Also, I know of two people that would probably "admin" it for free.
So how about if I crate it up and send it to you to be mounted somewhere
in SAP land, with a private IP that would be given to those in this
little collaboration group that seems to be starting up nicely here.
If you/SAP were willing to do this, then it would be very easy for me to
continue providing interesting scripting problems that would teach anyone
interested a lot about bioinformatics.
Plus, the bulletin board capability would be more convenient and take some
load off this forum (we could post back here when we have something of
more-than-usual interest to report.)
Do I have a hidden agenda here?
Absolutely.
As I said many times before, I'd like to drag SAP kicking and screaming into
the world of bioinformatics because eventually, someone somewhere is going to
realize that the way to do bioinformatics is to structure it as an SCM problem
(what makes what, where do you get it from, what else uses it, etc. etc. etc.??)
And that someone somewhere might as well be SAP rather than Oracle.
So what I'm suggesting would be an absoutely free way to set up some
infrastructure that would allow forward motion in this direction,
depending, of course, on the willigness of folks here like Ethan and Alvaro
etc to continue contributing code.
See?
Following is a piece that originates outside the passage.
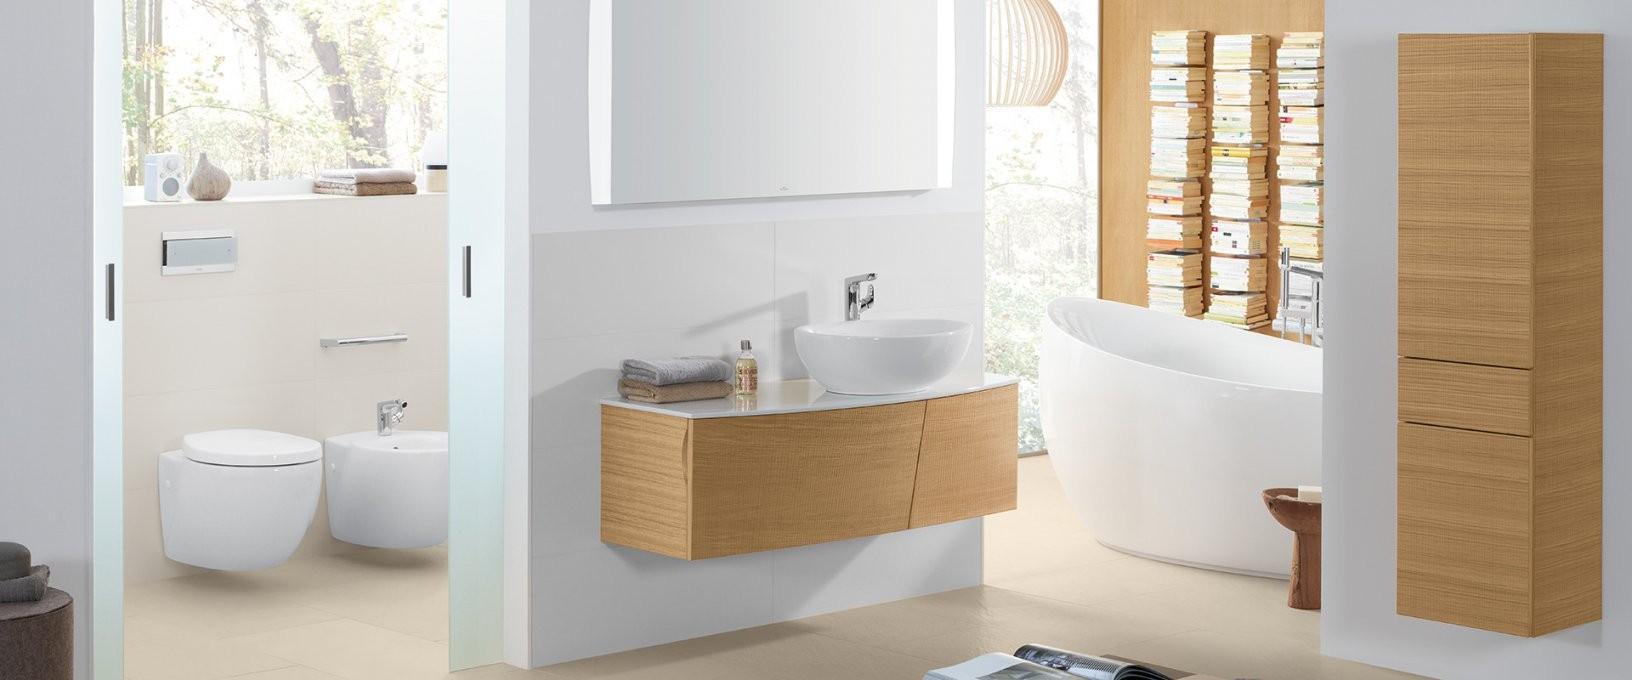 Kollektion Aveo New Generation Von Villeroy & Boch – Natürliche von Villeroy Und Boch Bad Waschbecken Bild

I told you I was going to tick you off.
Sorry! I figured it was worth a shot.
Uh - NO.
There's no reason for it, we have an entire Wiki Code Gallery, an entire Wiki for collaborating and the forums already you offer us nothing new. We've had this discussion in the past about using the Wiki (you've still not taken advantage of that).
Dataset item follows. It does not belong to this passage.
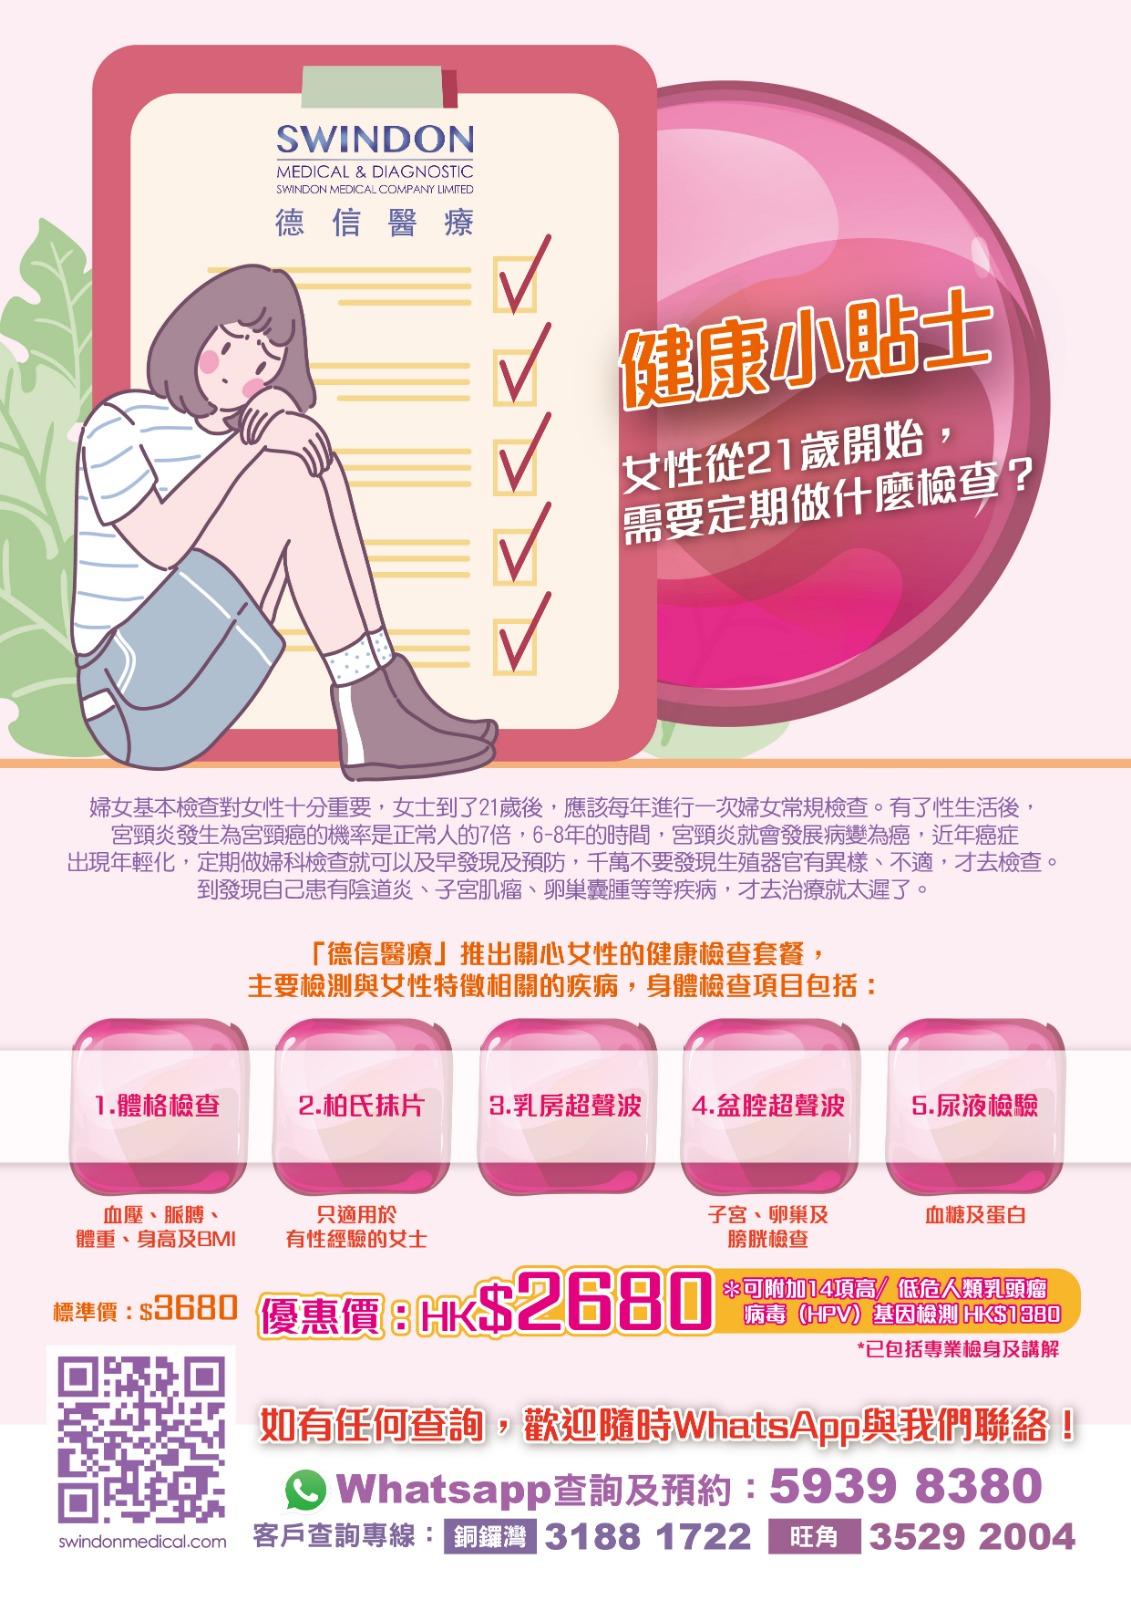 news_20210501_1.jpeg (377 KB)

So if you want to send me the data files I'll attach them to the forum if not then fine but we're certainly not going to host a server just for this when we have all the capabilities already.
So you want to get the community more interested then do your part and put the info into the existing tools, if the community is interested enough then SAP will begin to notice otherwise you're not going to effect much change.
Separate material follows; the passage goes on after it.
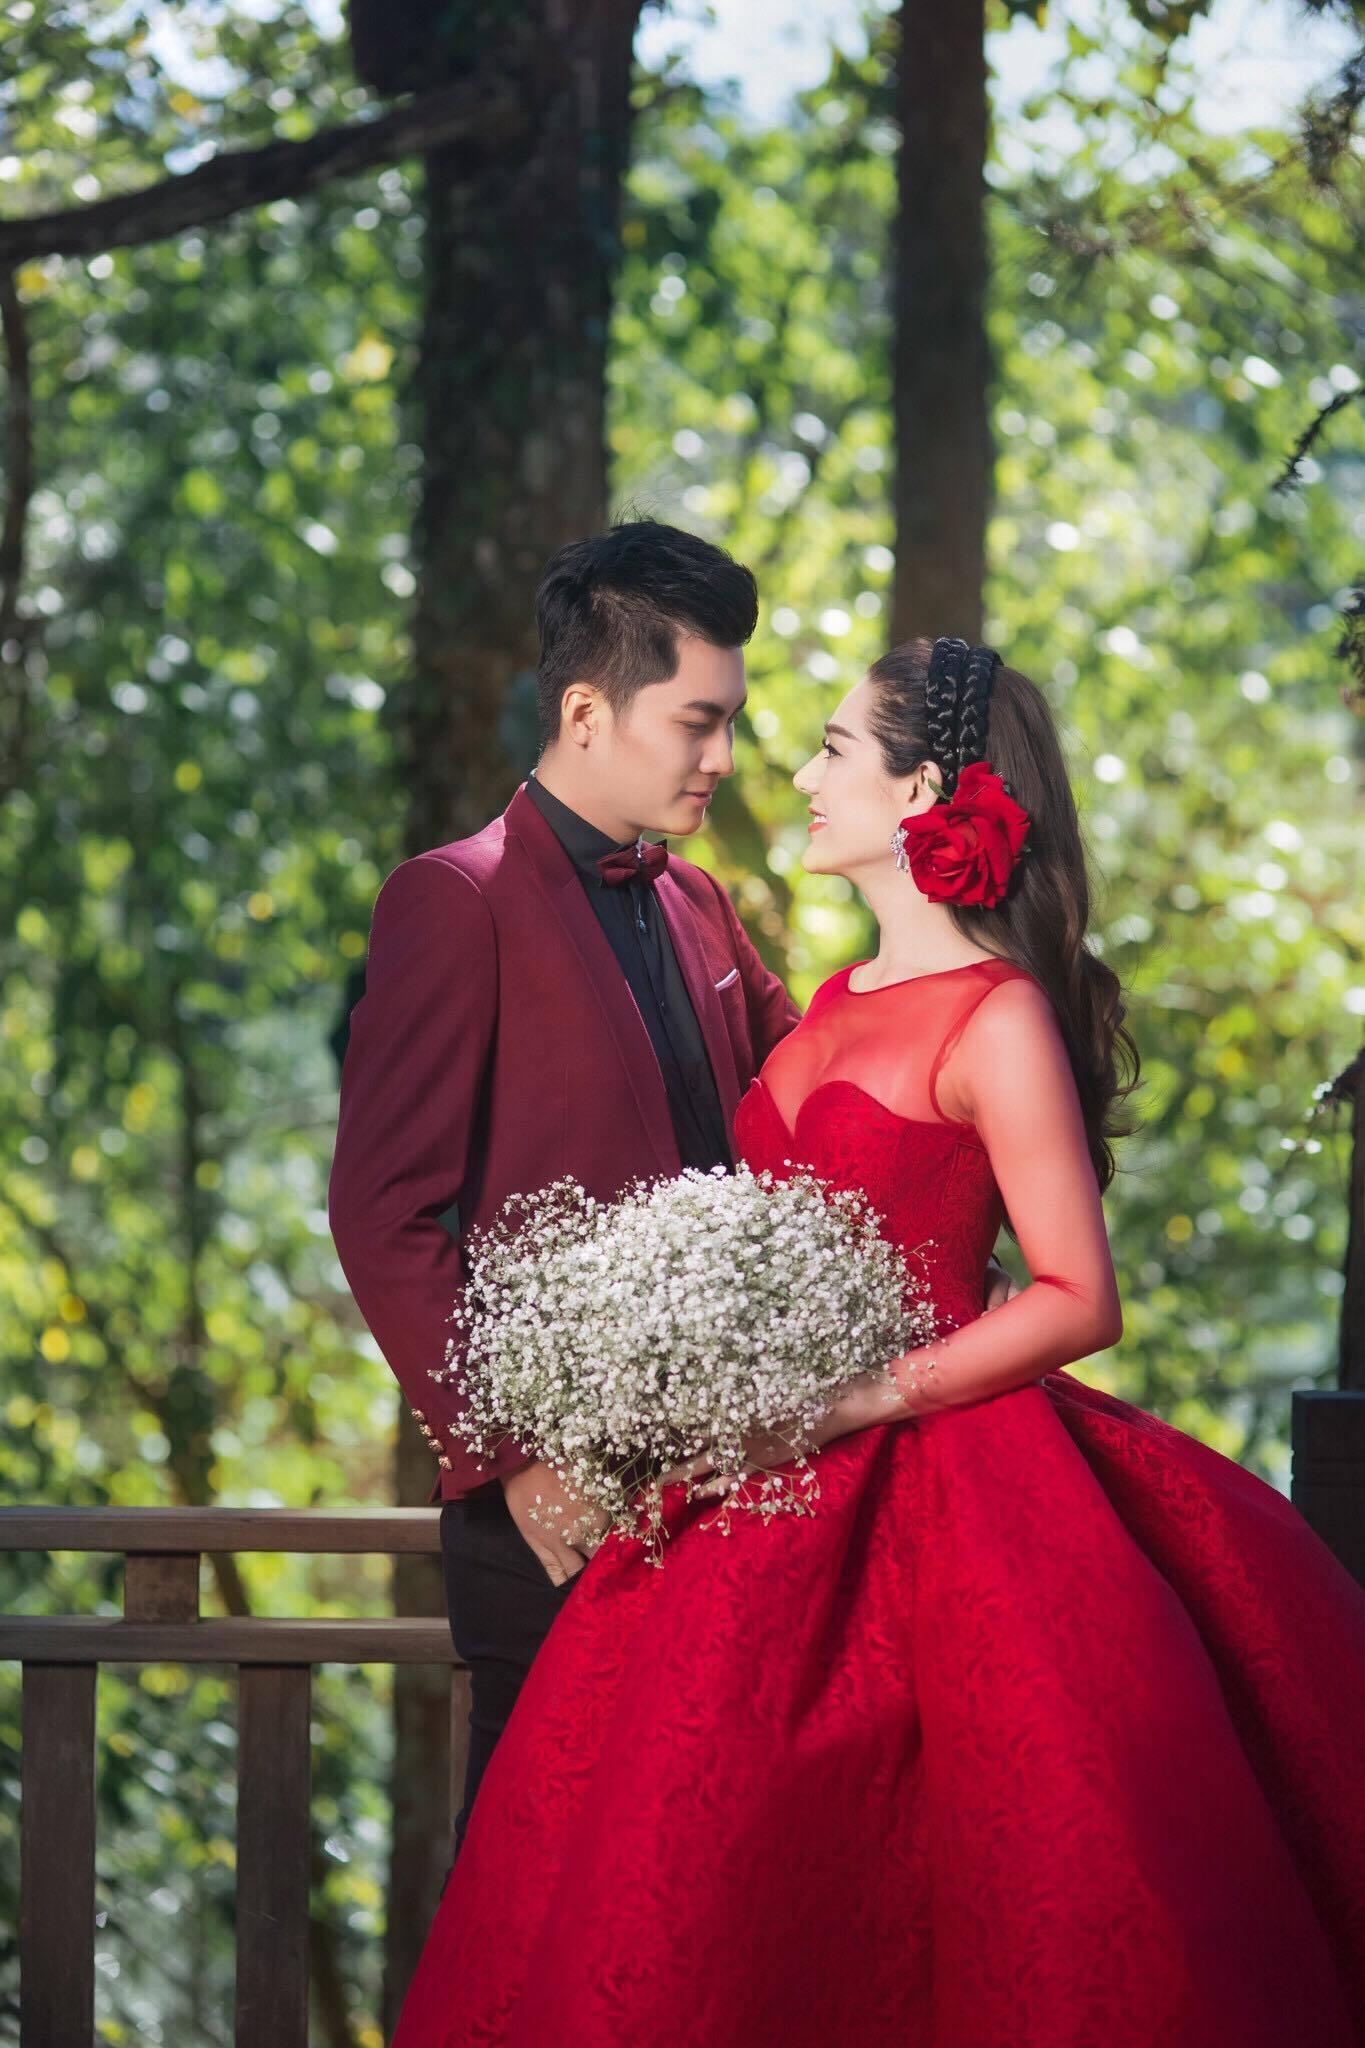 Ca sĩ chuyển giới Lâm Khánh Chi sẽ chính thức làm đám cưới vào tháng 11 - Ảnh 4.

Here are some comments from Bill on the situation as he sees it:
I found the ruby code and ran it on my Linux box. It takes no arguments and prints out:
mannb:dh $ ruby 20let.ruby
ABCD(EF)GHI(JK)LMN(OP)QRSTSRQ(PO)NML(KJ)IHG(FE)DCBA
Since I don't know ruby, and it doesn't do the same things, it's hard to evaluate. Certainly I'd need to look at a ruby manual to understand it. The regular expression is used to locate the stuff in (), but as Ethan said, it doesn't try to find the substrings, at least not yet.
I translated the C code to perl in 2-3 hours. I didn't try to figure out the best possible algorithm, and I tried to make the programs parallel so they would be easy to compare. The C program is not optimized for speed, space, or style. My perl program is fairly simple if you can read Perl regular expressions, an d understand the options of tr/// I'm using.
Python uses what is basically the same regular expression subroutine package as perl. Ruby seems different.
We used perl because I like it and it was flexible and speedy enough for most things. If not, C's my choice.
You must be a registered user to add a comment. If you've already registered, sign in. Otherwise, register and sign in.
David,
Well, it kept niggling, so over lunch I updated it to be a little prettier, tested and fixed it with multiple characters, and added an example of how to pass it arguments. (Edited to add that it also returns both strings requested.) I think I'm satisfied with it now
def david_halitsky_challenge(seq = "ABCDEFGHIJKLMNOPQRSTSRQPONMLKJIHGFEDCBA",
groups = { 's' => %w(A B C D E),
'p' => %w(F G H I J),
'd' => %w(K L M N O),
'e' => %w(P Q R S T) })
# Arrays of letters *not* in each group
gls = groups.keys
notgroups = { gls[0] => groups[gls[1]]+groups[gls[2]]+groups[gls[3]],
gls[1] => groups[gls[0]]+groups[gls[2]]+groups[gls[3]],
gls[2] => groups[gls[1]]+groups[gls[0]]+groups[gls[3]],
gls[3] => groups[gls[1]]+groups[gls[2]]+groups[gls[0]] }
# One regex per group
regexes = Hash.new()
# Generate regex string of form ((K|L|M|N|O)(F|G|H|I|J|A|B|C|D|E|P|Q|R|S|T))
groups.keys.each do |g|
regexes[g] = '((' + groups[g].join('|') + ')(' + notgroups[g].join('|') + '))'
end
# Build the full regex.
big_ol_regex = ''
regexes.keys.each do |r|
big_ol_regex += regexes[r].to_s.reverse.chomp(r.to_s.reverse).reverse + '|'
end
big_ol_regex.chomp!('|')
big_ol_regex += '+?'
# Substitute using the first backward match to return the first result.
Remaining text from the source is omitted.